Traverse City Record-Eagle
---- — During a typical summer family vacation, the question asked most frequently by the kids in the back seat is, “Are we there yet?” My guess is that children come pre-programmed with a set of phrases and questions that they only retrieve from their memory banks while traveling down the highway.
Other selections are, “How much longer?”, “We’re Hungry!” and “I’ve got to go potty!” After a few hundred miles, the parents sometimes wish that vans came equipped with a sliding Plexiglas window separating the front seat from the back.

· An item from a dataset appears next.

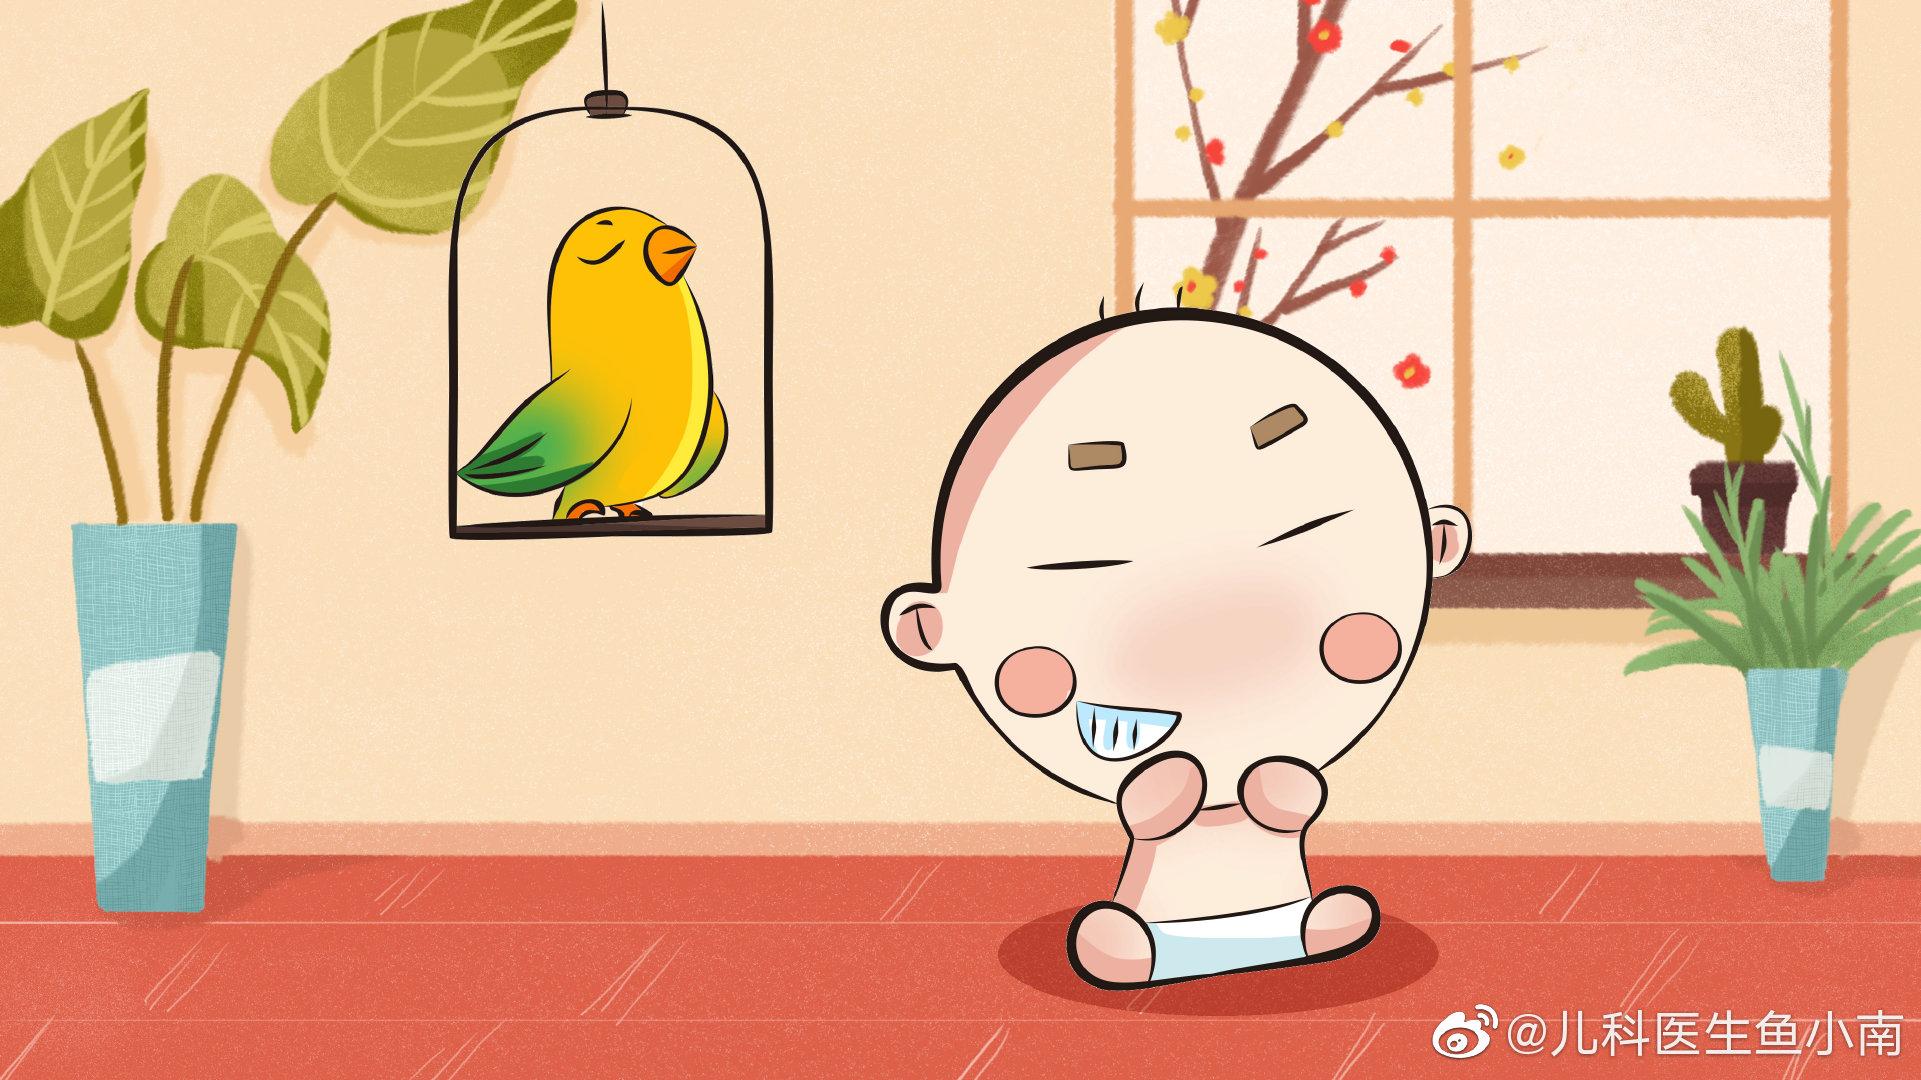 在宝宝心智发育过程中,一本优秀的童书,能给宝宝无以伦比的快乐

Many families who vacation along Northern Michigan’s pristine shorelines and dense forests travel from other states and their long trek is frequently an annual event. They may be visiting grandma and grandpa or perhaps have rented a cottage or stay at a resort. In any case, their goal is to spend time soaking up the sun, wiggling their toes in the sand, swimming in clear waters and enjoying all that our area has to offer.

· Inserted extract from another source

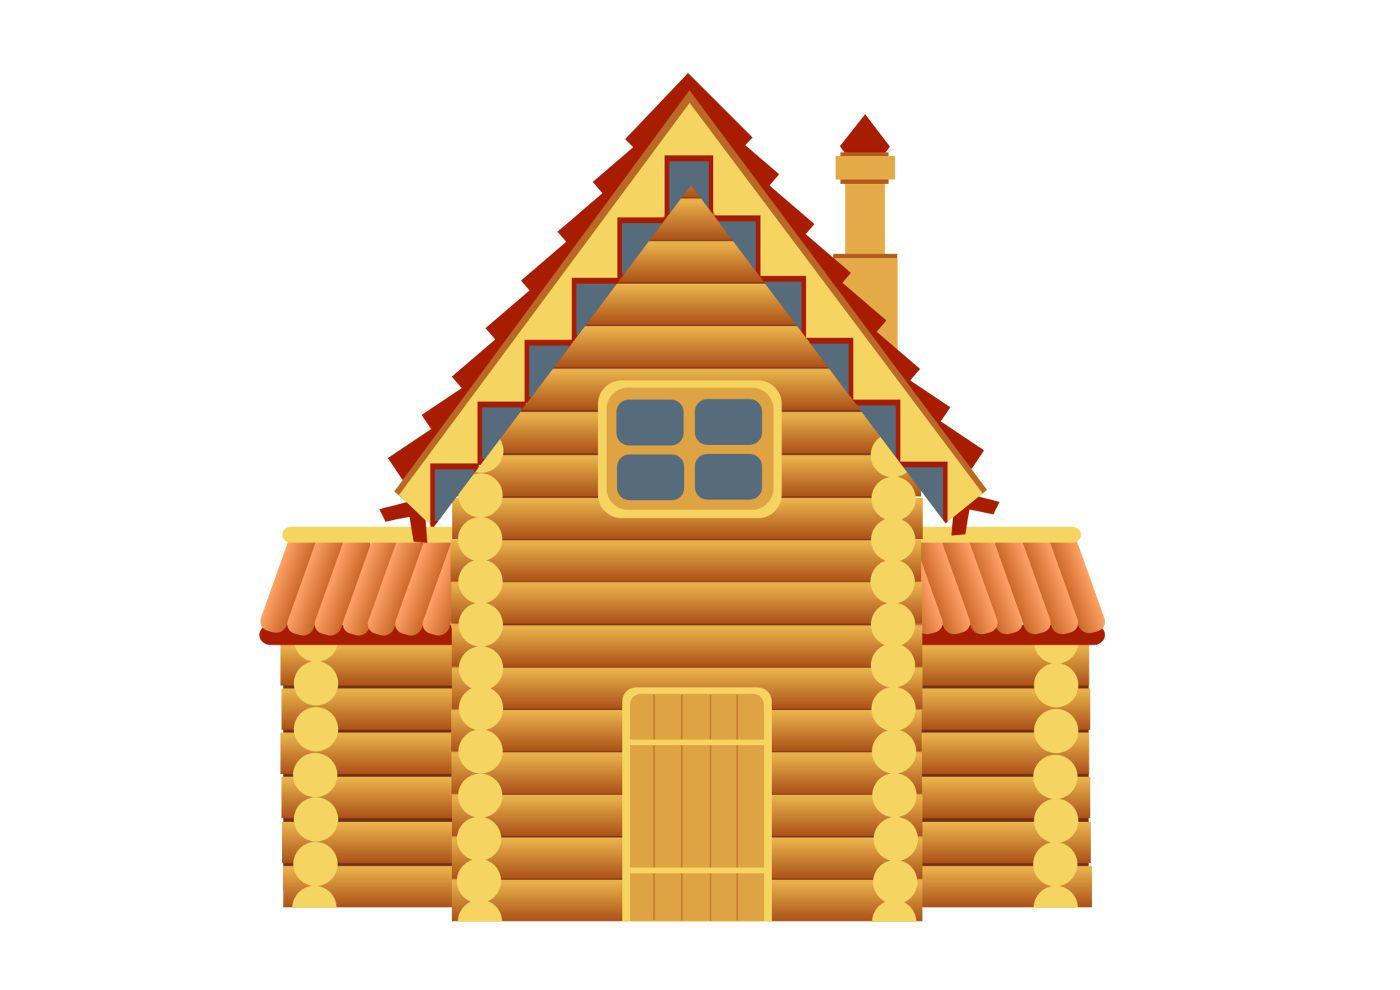 картинки деревянный дом на прозрачном фоне абсолютно безопасен, при

Northern Michigan is truly a vacation destination.
For dad, the vacation usually begins with packing the family vehicle the night before their departure. After a hard day’s work, he enters his humble home and is greeted by a mountain-sized pile of stuff sitting by the door, ready for loading into the minivan. The children have gathered plastic buckets, shovels, and strainers for building sand castles and forts. Dad takes a deep breath, gazing with wonder at multitude of suitcases, backpacks, coolers, sleeping bags and pillows.
How will he get it all in? Where will he put his fishing gear and what about the golf clubs? Every nook and cranny must be efficiently utilized.
After several false starts and rearrangements, dad finally completes the task. He steps back with hands on hips, and admires his engineering feat. Unfortunately, no one else is awake to share his glorious accomplishment. The rest of family is asleep as visions of wide sand beaches, campfires and s’mores dance through their heads. Exhausted, he visits the kitchen where a dinner plate of cold meatloaf, green beans, mashed potatoes and gravy awaits him.
He was never fond of cold gravy. Shortly after his reheated meal, he collapses into bed.
At 4:00 a.m. the alarm clock jolts mom and dad to consciousness. He carries the children to the van while mom walks the dog prior to depositing it in the back seat with the kids. As they back out of their driveway, a pinkish glow rises in the eastern sky. The first day of vacation is underway.
Armed with travel mugs of steaming coffee and yesterday’s donuts, they point the van north. No map or GPS is needed. Always a pathfinder, dad never stops for directions. With the children sleeping in the back seats, the vacationing couple enjoys the quietest portion of their eight-hour journey. “Wouldn’t it be nice if they slept the whole way?”
All too soon the kids are awake after one child pinches another which results in a shriek followed by a bark from the dog. They hungrily rip into the snack bag and by the second rest stop the back of the van looks like a war zone. The floor is littered with candy wrappers, broken potato chips, cheesy popcorn, a squished bologna sandwich and discarded juice boxes. It wasn’t a good idea to buy purple grape juice, even if it was on sale.
“Don’t make me stop this car!” is a popular phrase used by parents when all else fails to bring unruly behavior under control. It is a last resort, emergency threat that is seldom followed up with action. Cooler heads prevail and by the time they arrive at the cottage everyone is simply delighted to be there. The challenges of previous eight hours are soon a vague memory. It’s time to breathe in that fresh northern air and head for the beach.